We have several recommendations to support effective and insightful use of this dataset. To make the most of the dataset, we encourage users to consult the ‘Lexemes.csv’ file and the codebook54. These resources provide detailed information on interpreting lexemes and physical properties, including asymmetric two-handed gestures. For instance, in the space gesture, one hand typically points to the other, which remains palm up. In such cases, handedness reflects the pointing direction (e.g., toward the right). Similarly, radial orientation can be coded as side, meaning each hand is on its respective side, or as inward to right, indicating both hands are positioned on the right side of the body.

Gesture categories and features: Palm orientations in this dataset are richly described to capture gesture nuance, using terms such as in-body or down-front. For instance, down-front refers to a palm facing forward and slightly downward. This level of detail provides opportunities for fine-grained analyses. However, depending on the goals of the analysis, simplifying some of these intermediate categories may be beneficial. For example, down-front could be recoded as down to capture broader-level similarities. A complete list of palm orientations is available in the codebook54. Furthermore, adaptors are included in the dataset but are not associated with lexemes. While they may be of interest in certain research contexts, we recommend excluding them from analyses focused on gesture form or meaning. Likewise, although size and speed are annotated, they show relatively little variation across the dataset, so analyses relying on these dimensions alone may yield limited insights.

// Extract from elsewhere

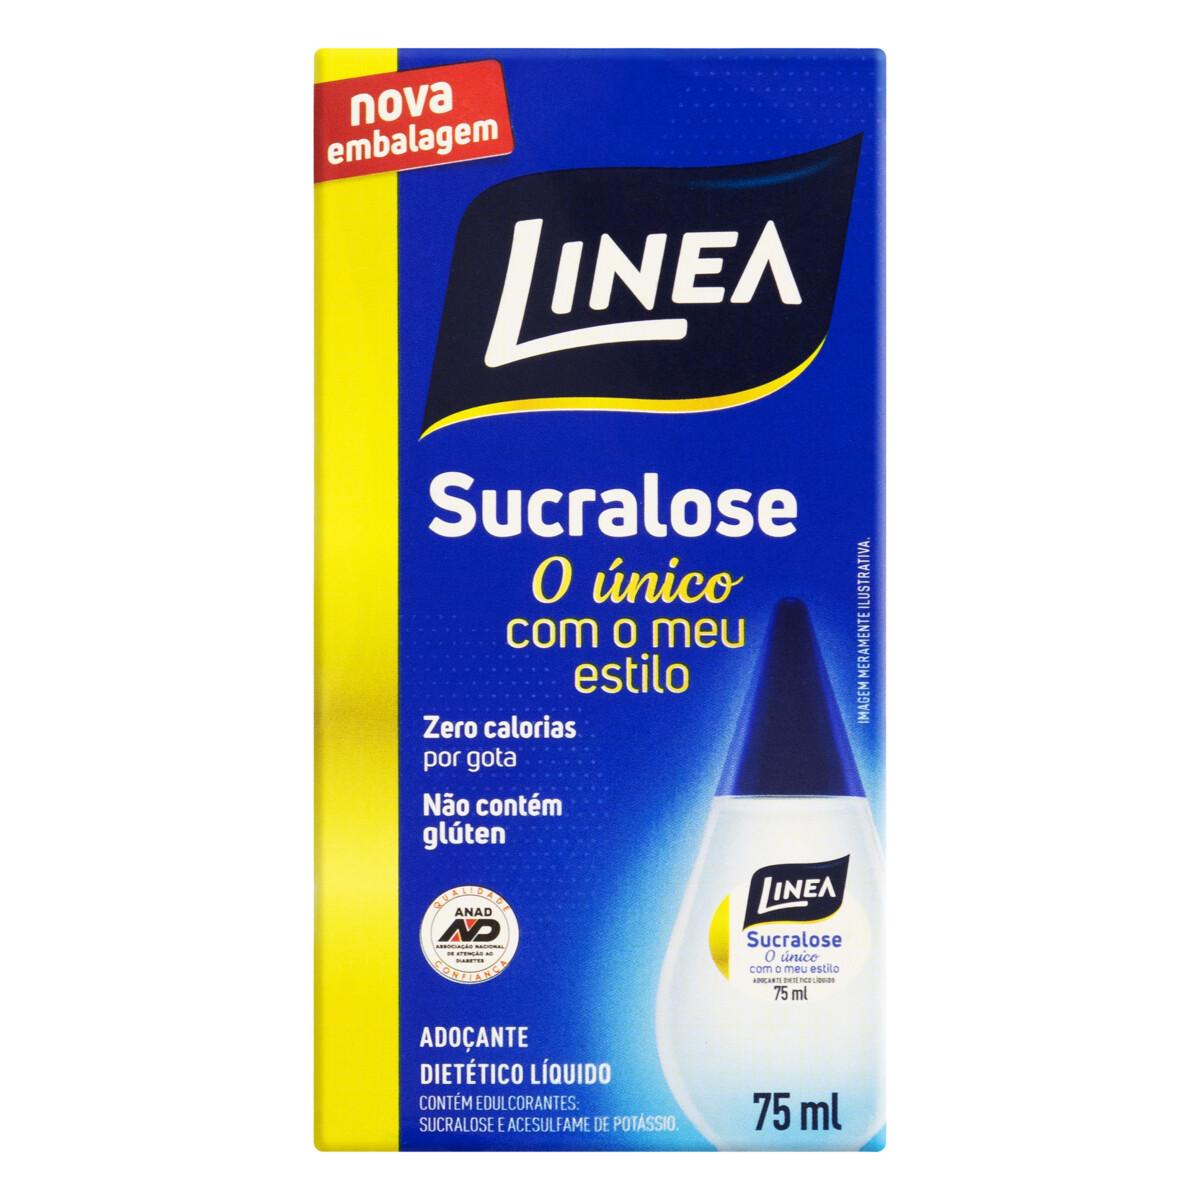 Adoçante Líquido Sucralose Linea Caixa 75ml

Adding new annotations: Four of the annotated videos feature interactions with another person. In these cases, only the primary speaker was annotated. Where licensing permitted, we have included the full videos so researchers interested in social dynamics or interactional gestures can add additional annotations. We strongly encourage researchers to first familiarize themselves with the annotation manual and accompanying examples, as consistent and reliable coding depends on a solid understanding of the annotation scheme and its decision rules.

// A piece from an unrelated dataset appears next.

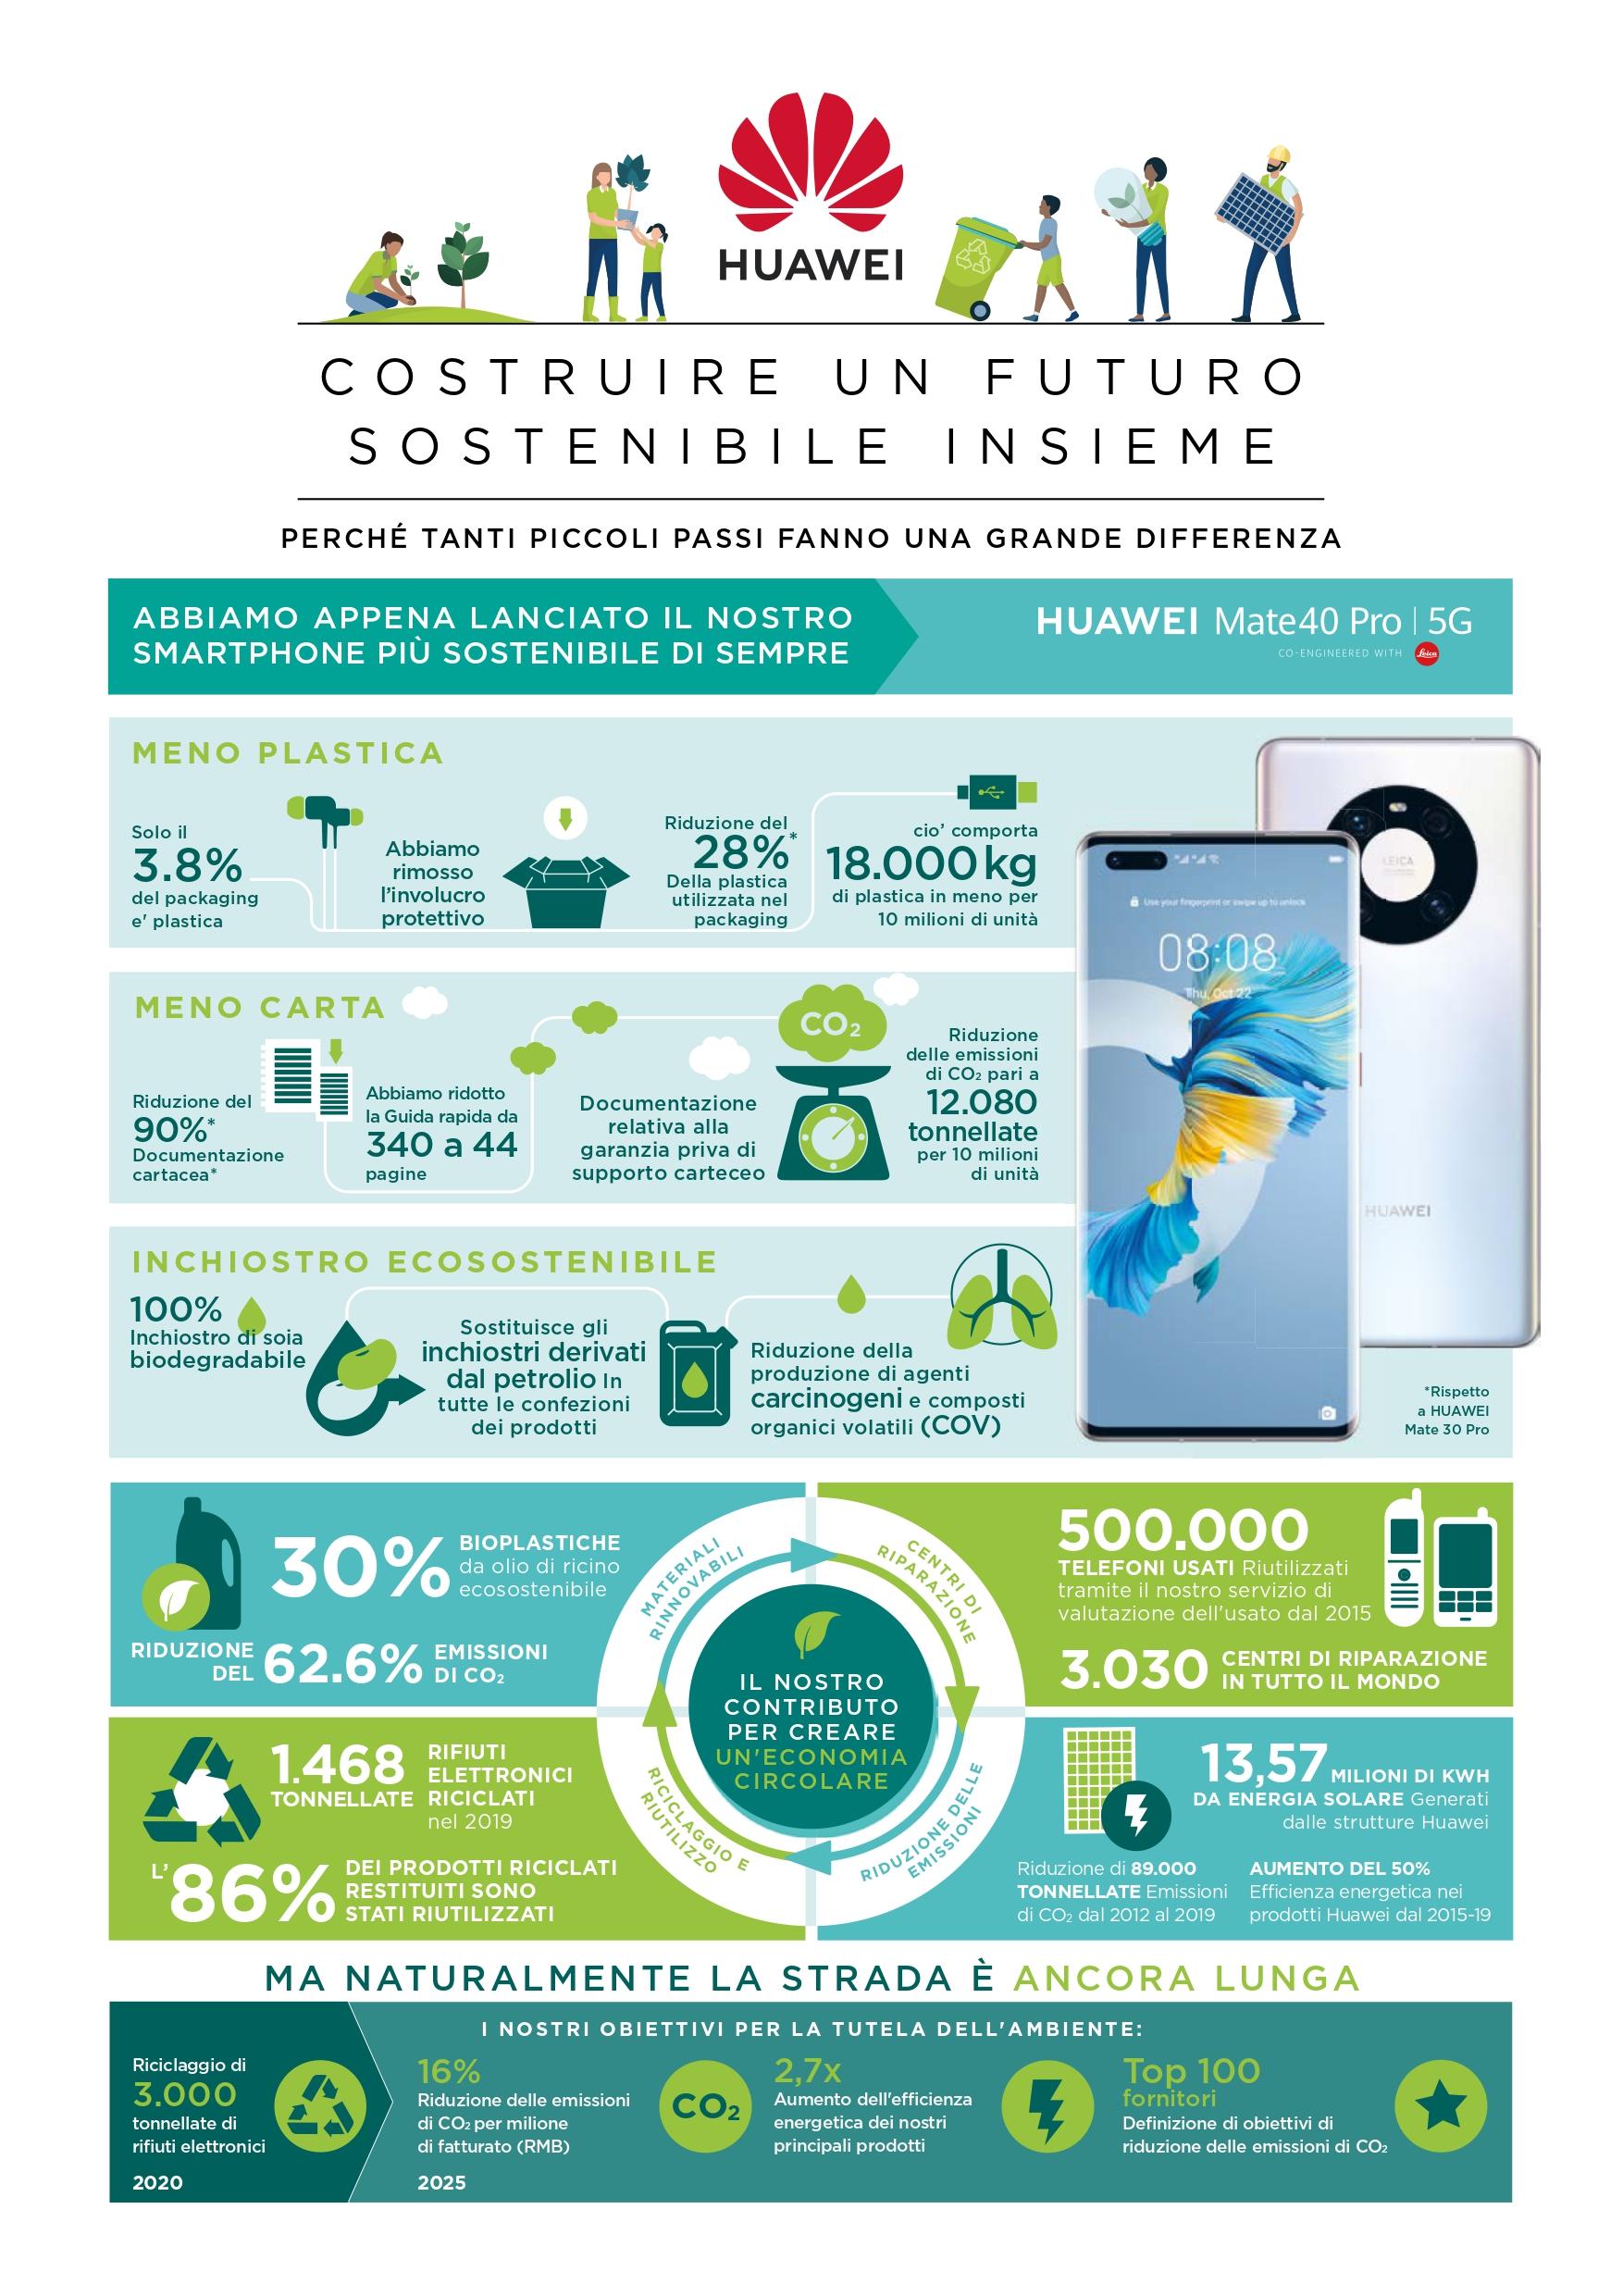 Huawei per l'ambiente

Working with MediaPipe: Finally, several steps of the analysis pipeline are supported by Google Colaboratory (Colab) scripts, which we provide as part of the resources on the OSF. For example, to extract hand positions and body poses using MediaPipe, we suggest using and adapting our Colab-based tools. Colab offers a convenient and accessible platform with pre-installed dependencies, enabling quick setup and streamlined execution of our code. Additionally, while MediaPipe is a robust pose detection tool, it performs best when joints and hands are fully visible. For optimal results, we recommend applying quality thresholds appropriate to your application when working with the pose tracking data.